Jenny McCarthy Slams Rumors Claiming Her Son Does Not Have Autism

Jenny McCarthy Slams Rumors Claiming Her Son Does Not Have Autism

Jenny McCarthy slammed rumors claiming her son does not have autism, calling the assertions "blatantly inaccurate and completely ridiculous."

Talk of the "View" co-host's 11-year-old son, Evan, began circulating Friday, Jan. 3, after published a story saying McCarthy has changed her position on vaccinations and stating her son might not have autism after all. (The piece has since been deleted, but it can still be viewed here.)

Radar's report cites a "new interview with Time magazine" -- a story that's actually from 2010. The website misconstrued the 41-year-old's quotes in the piece and falsely portrayed it as a "new" stance.

In the 2010 interview, Time's Karl Taro Greenfeld noted that some in the scientific community have questioned if McCarthy's son ever had autism or if he actually had Landau-Kleffner syndrome, a childhood neurological disorder sometimes misdiagnosed as autism.

In 2007, McCarthy announced her son had been diagnosed with autism after bouts of seizures and said she was able to treat him through alternative methods not backed by the scientific community. Even more controversially, she suggested her son's autism was linked to the Measles/Mumps/Rubella vaccination and began a public crusade against vaccines.

On Saturday, Jan. 4, McCarthy took to Twitter to respond to the rumors:

Stories circulating online, claiming that I said my son Evan may not have autism after all, are blatantly inaccurate and completely ridiculous. Evan was diagnosed with autism by the Autism Evaluation Clinic at the UCLA Neuropsychiatric Hospital and was confirmed by the State of California (through their Regional Center). The implication that I have changed my position, that my child was not initially diagnosed with autism (and instead may suffer from Landau-Kleffner Syndrome), is both irresponsible and inaccurate. These stories cite a "new" Time Magazine interview with me, which was actually published in 2010, that never contained any such statements by me. Continued misrepresentations, such as these, only serve to open wounds of the many families who are courageously dealing with this disorder. Please know that I am taking every legal measure necessary to set this straight.

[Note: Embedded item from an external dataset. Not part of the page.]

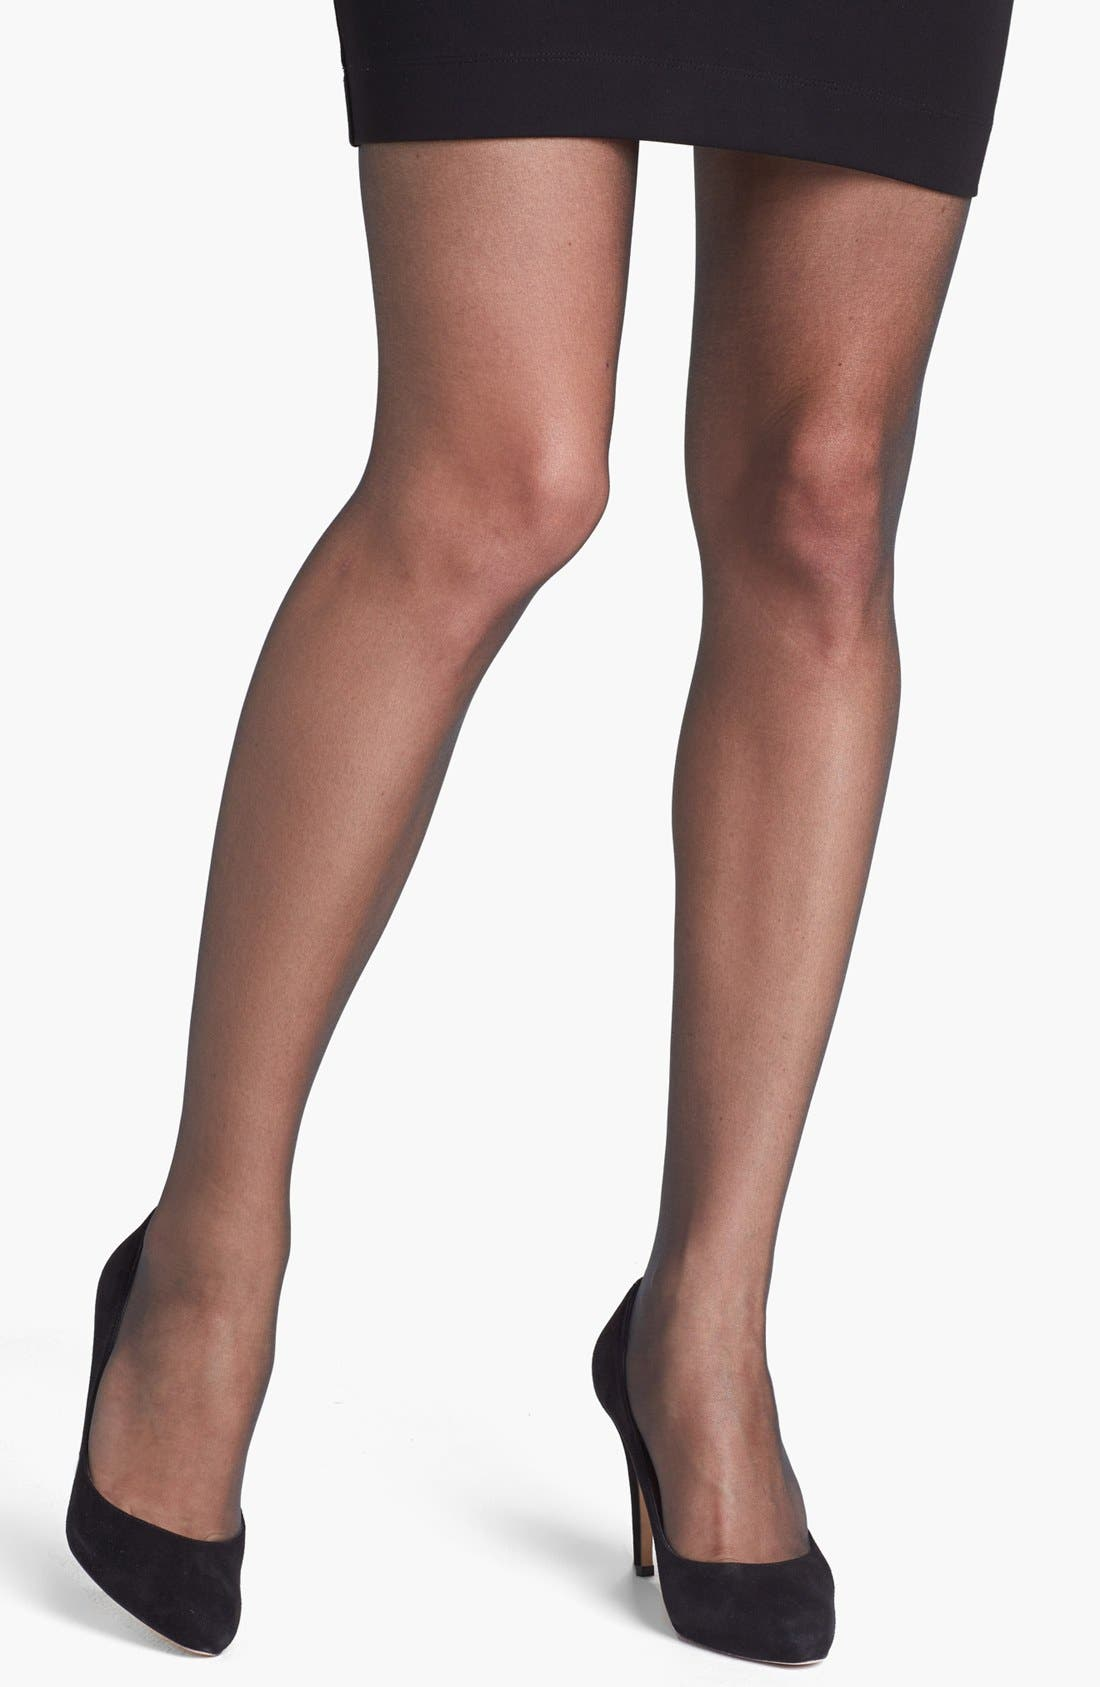 Alternate Image 1 Selected - Calvin Klein 'Infinite Sheer' Control Top Pantyhose

A blog linking to Time's piece circulated on Reddit and spawned debate among users over the vaccination issue. Sara McGinnis of BabyCenter shared her opinion on why the four-year-old story featuring McCarthy has resurfaced.

"[P]eople feel a wrong has occurred and are sharing the other side of the story as best they can to fight what they see as misinformation," she wrote. "If she’s not going to openly talk about the possibility she and the diagnosis experts were wrong, others are."